INSTRUCTIONS FOR THE TASK
What you produce should be the lines from the line containing "黄巧云老师与学生团队获得学院2020年羽毛球赛冠军" through the last line below, both ends included, reproduced exactly and without pictures.

DATA EXCERPT
▼

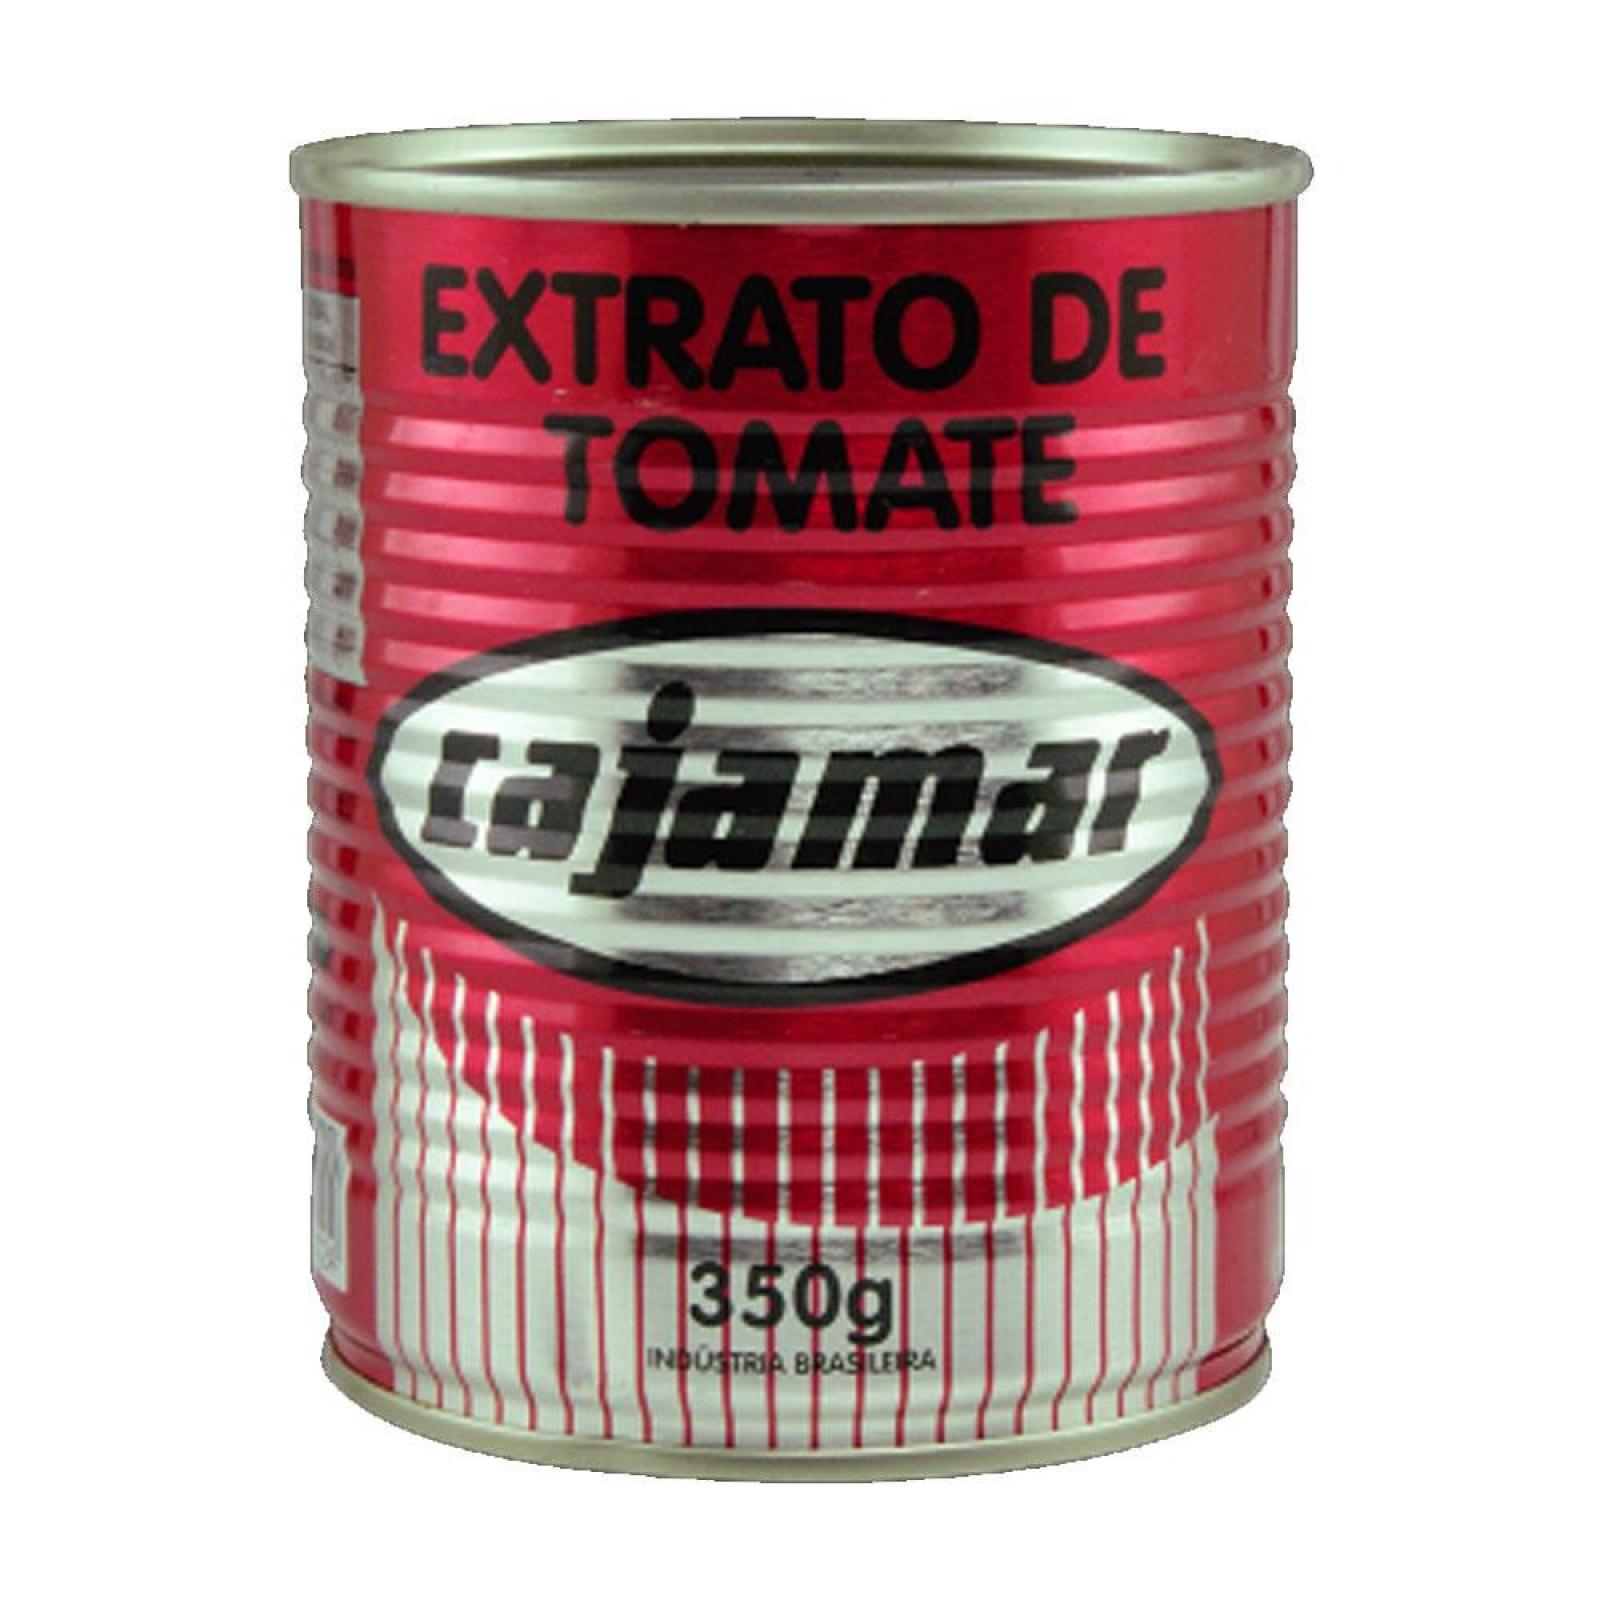 Cajamar Extrato de Tomate 350g
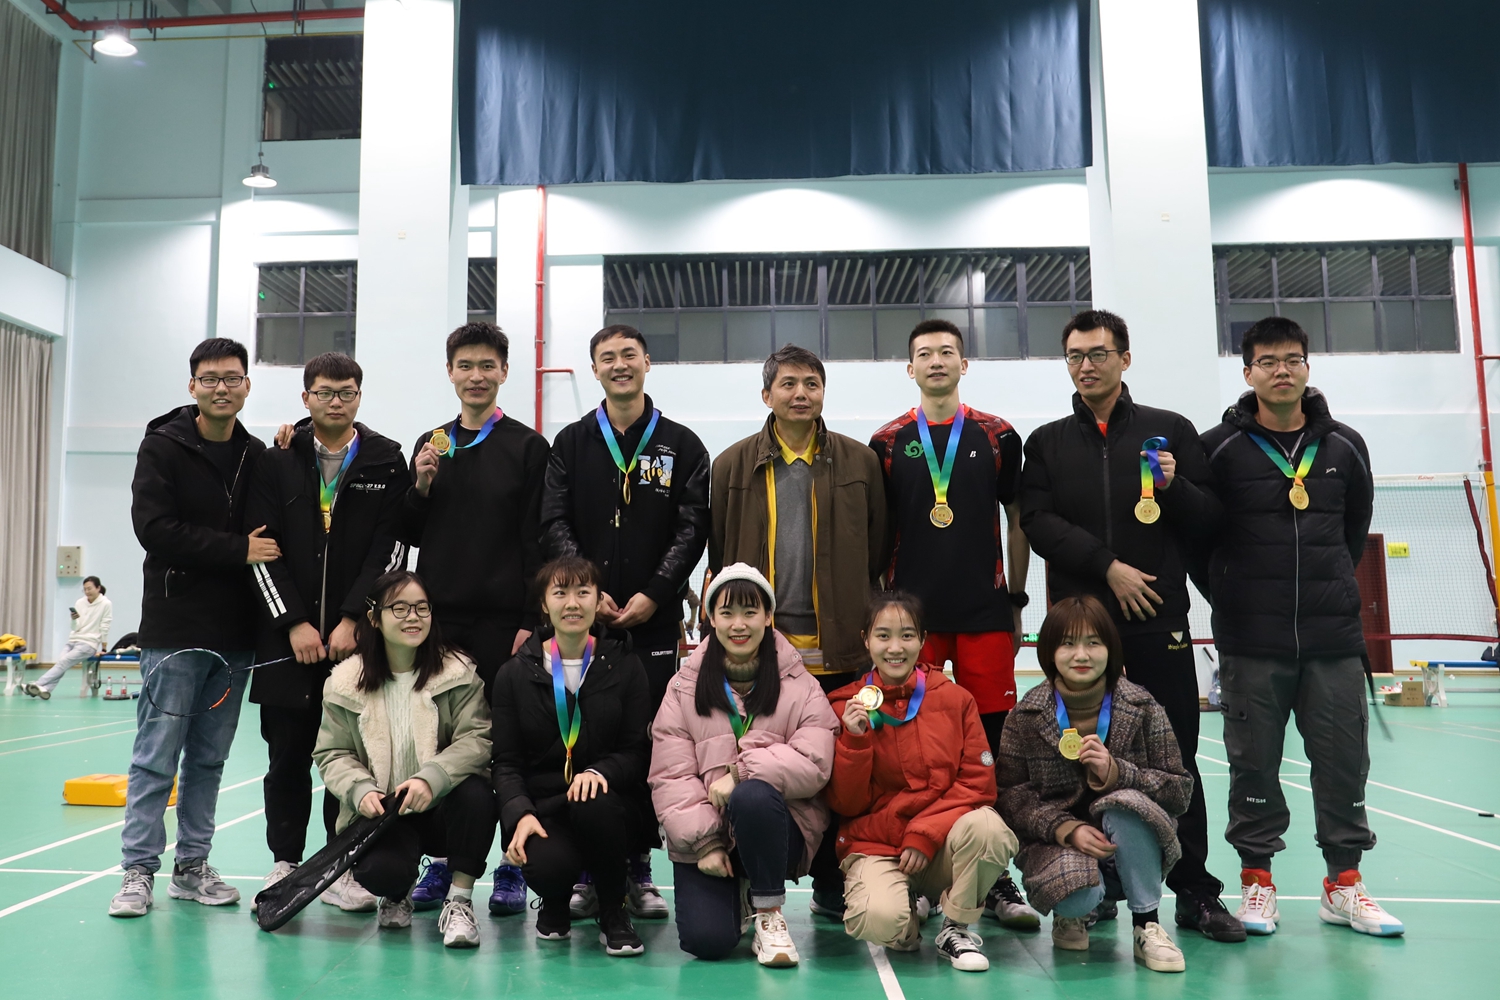 黄巧云老师与学生团队获得学院2020年羽毛球赛冠军
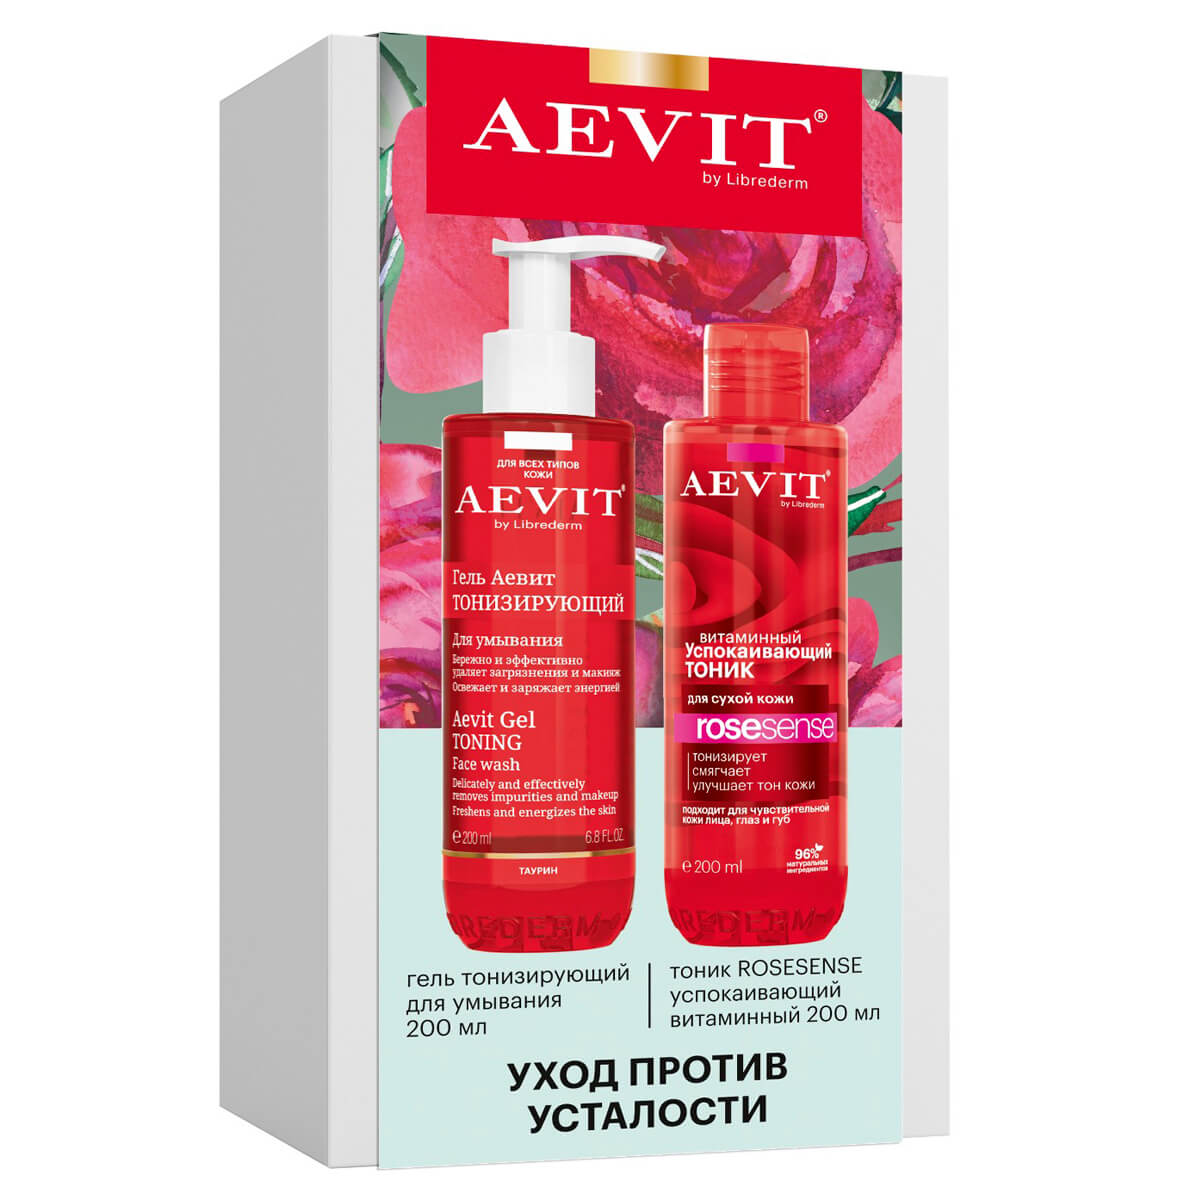 Набор подарочный AEVIT Уход Против усталости кожи лица (2 продукта), Librederm

▲

COMPLETED EXERCISE
 黄巧云老师与学生团队获得学院2020年羽毛球赛冠军
 Набор подарочный AEVIT Уход Против усталости кожи лица (2 продукта), Librederm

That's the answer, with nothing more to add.